A bet company’s commercial is seen as Brighton & Hove Albion’s Jose Izquierdo, bottom, and Southampton’s Cedric Soares battle for the ball during their English Premier League soccer match at St Mary’s, Southampton, England, January 31, 2018. (AP)

The concern about the level of visibility afforded to gambling companies during football matches isn’t limited to the potential effect on adults with gambling issues. It also extends to the level of exposure that children and young teenagers receive. Some, but not all, of the teams who have gambling-related sponsorship offer replica kits for sale to young fans free of the gambling logos. Even in those cases, though, young fans still see the advertising during games. It is illegal to market gambling towards children in the United Kingdom, just as it is in the rest of Europe. Some feel that the presence of gambling sponsors on football shirts is a violation of those laws.

Because of the ongoing controversy, there have been some suggestions that gambling firms are willing to back out of the market voluntarily. Despite the way that the industry is viewed in some quarters of the press, the more reputable firms have a history of funding counseling for gambling addiction, and also voluntarily stepping away from areas of controversy if public opinion turns against them. This could be one such example. Earlier in the week, it was revealed that The Betting and Gaming Council, which speaks for 90% of all gambling companies in the United Kingdom, has revealed that there’s an ongoing discussion within the industry to pull sponsorship from shirts once all currently-agreed deals expire.
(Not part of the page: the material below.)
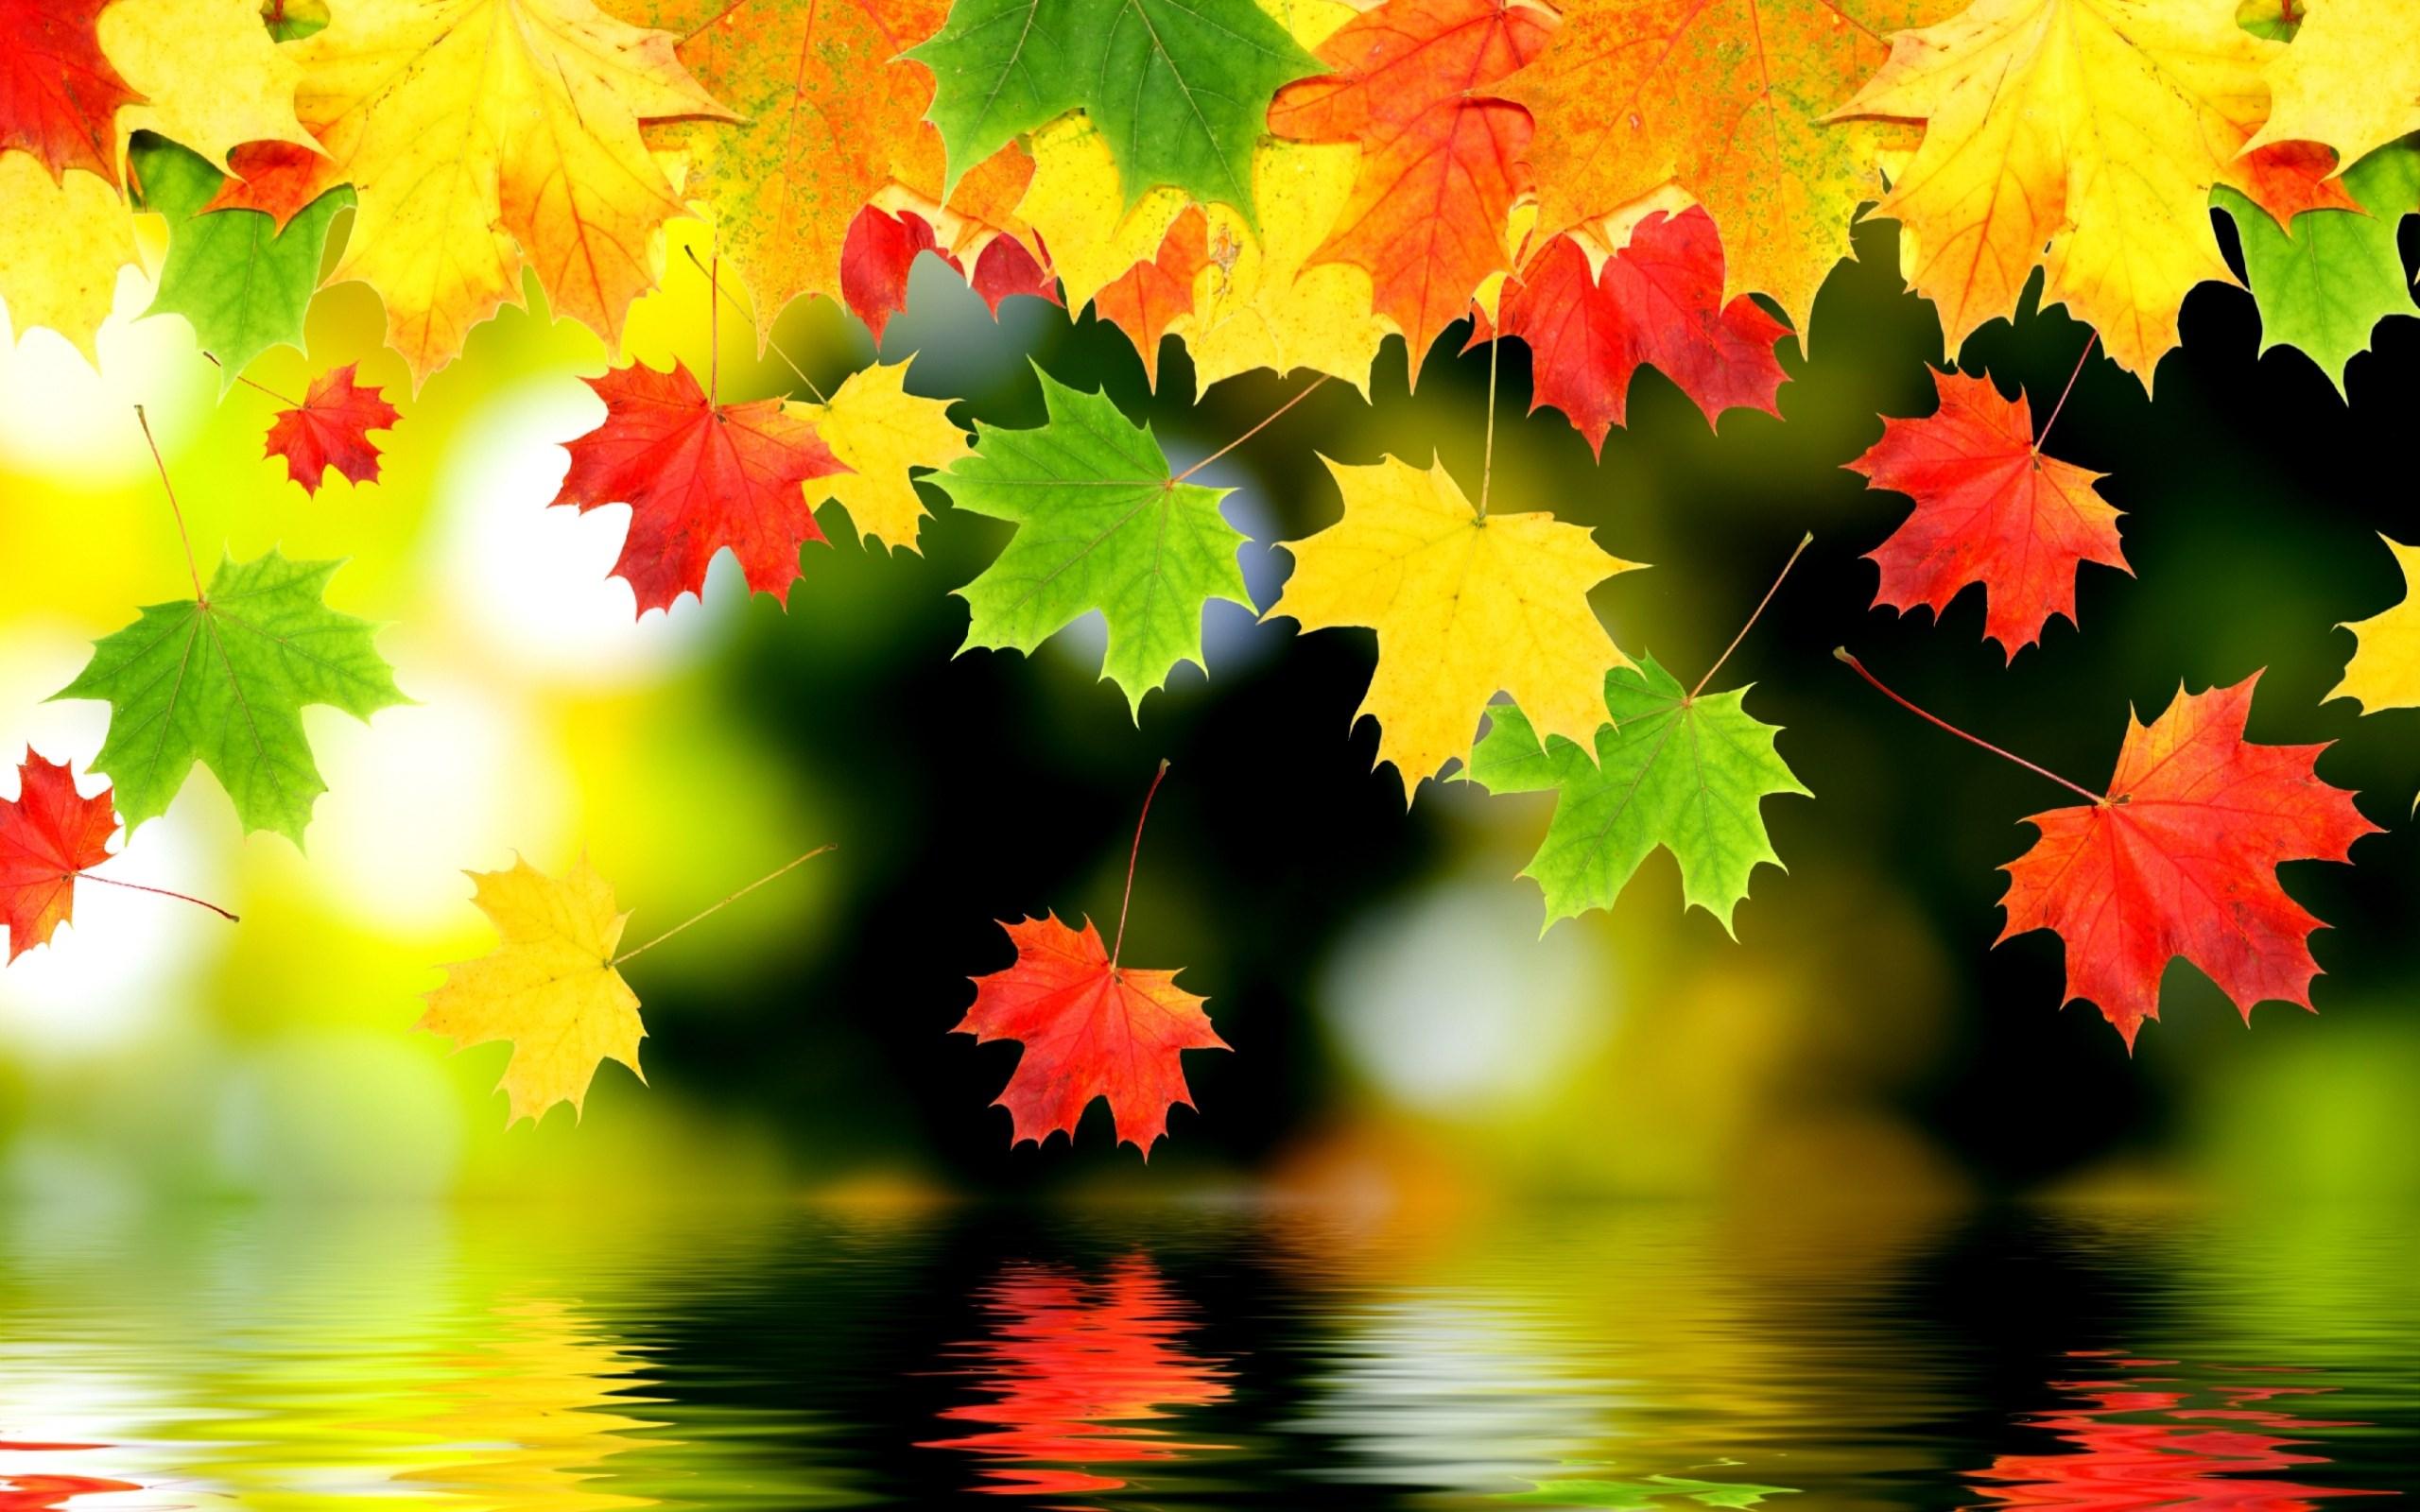 Красивые картинки поздняя осень на рабочий стол (7)

Before charities and campaign groups could even voice their thoughts on the proposal, though, there was news from one of the senior figures in English football that seemed to directly contradict the statement that the Betting and Gaming Council had put out only hours before. Richard Masters, who replaced Richard Scudamore as the Premier League’s Chief Executive last December, said that the league was ‘not sniffy about gambling sponsors,’ and added that he didn’t see an issue as the league itself doesn’t have an official gambling partner. Shirt sponsorship, according to Masters, is a matter for individual clubs.
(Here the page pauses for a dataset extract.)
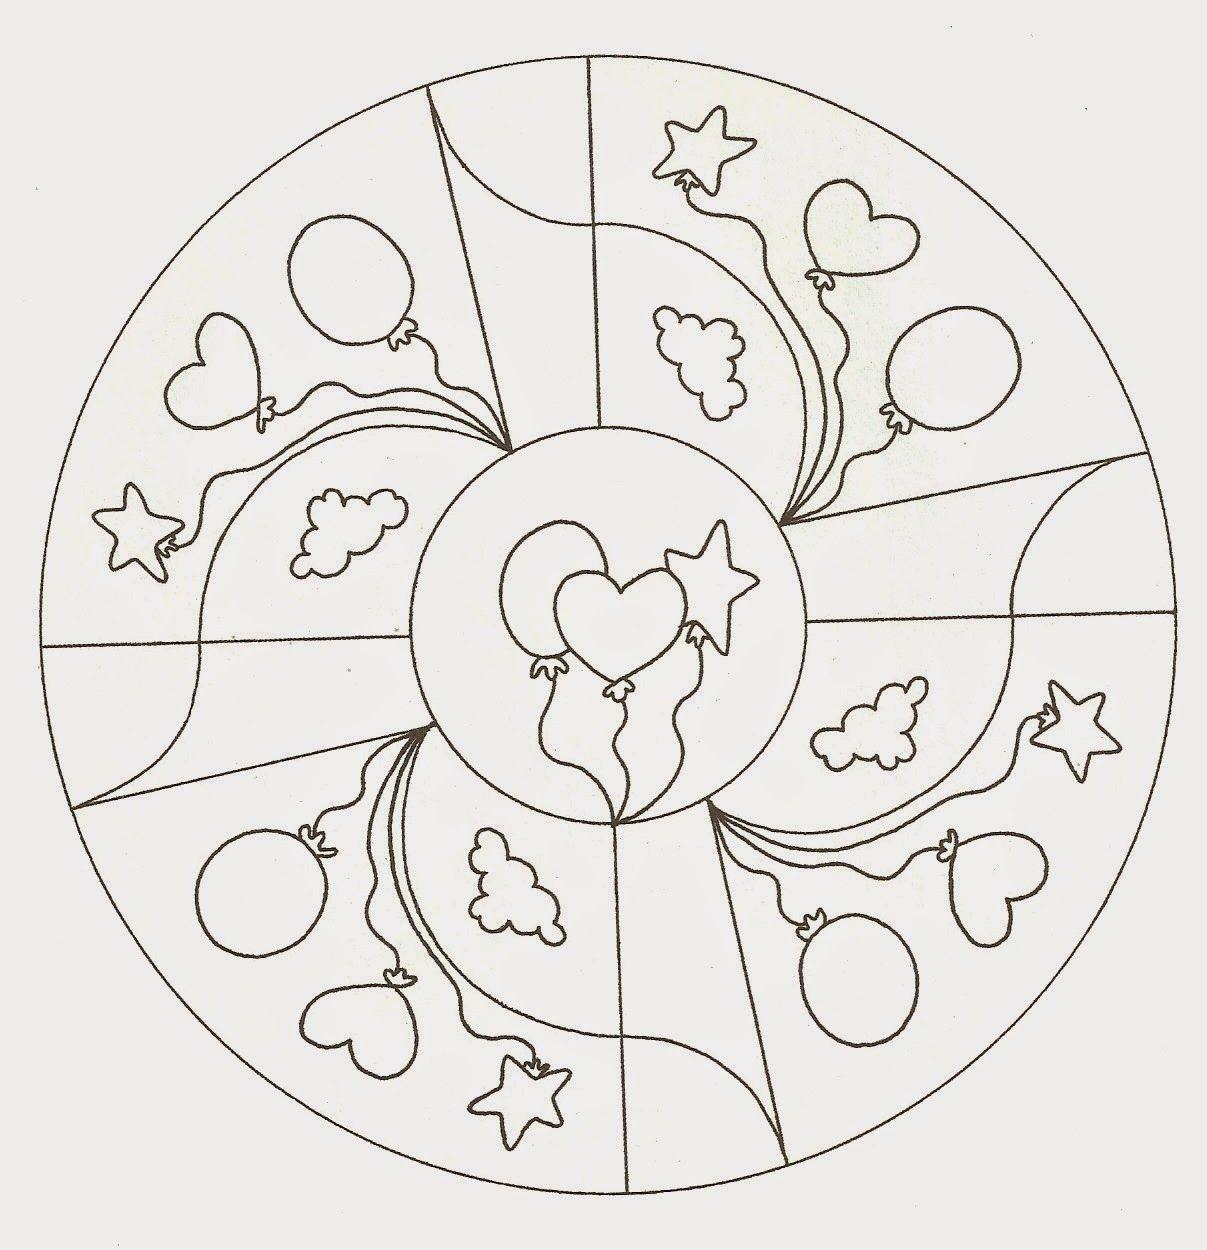 Mandalas Para Colorear Mandalas De Profesiones Mandalas Para Colorear Imagenes De Mandalas Mandalas Para Ninos

There’s also the question of who will plug the gap if the gambling companies do walk away. Although Premier League clubs earn many millions of pounds each season, the majority of them spend almost everything they earn in the battle to either stay in the division or compete at its higher echelons. A sudden and sharp drop in income become of the loss of major sponsorship partners would likely be all that it takes to put at least some clubs in the top two divisions of football in serious financial difficulty. John Coates, who owns both Bet365 and Stoke City, says that the club couldn’t survive without the money that Bet365 pays to it for sponsorship purposes and that there were no other sponsors available willing to pay anything like the amount that Bet365 does for the advertising space. Although his position is unique due to his connection to both entities, it would be reasonable to suspect that many clubs are in a similar position.

This isn’t an issue that will be resolved immediately. Many of the current shirt sponsorship partners of the Premier League’s clubs have contracts that run for two or more years to come, and there’s no appetite to implement rules that would jeopardize or make illegal any of those arrangements. There’s also the far-from-trivial matter that no laws have been broken, and so the matter is one of perceived morality rather than legality. Gambling sponsors on football shirts will stick around for now, but five seasons from now? Don’t bet on it.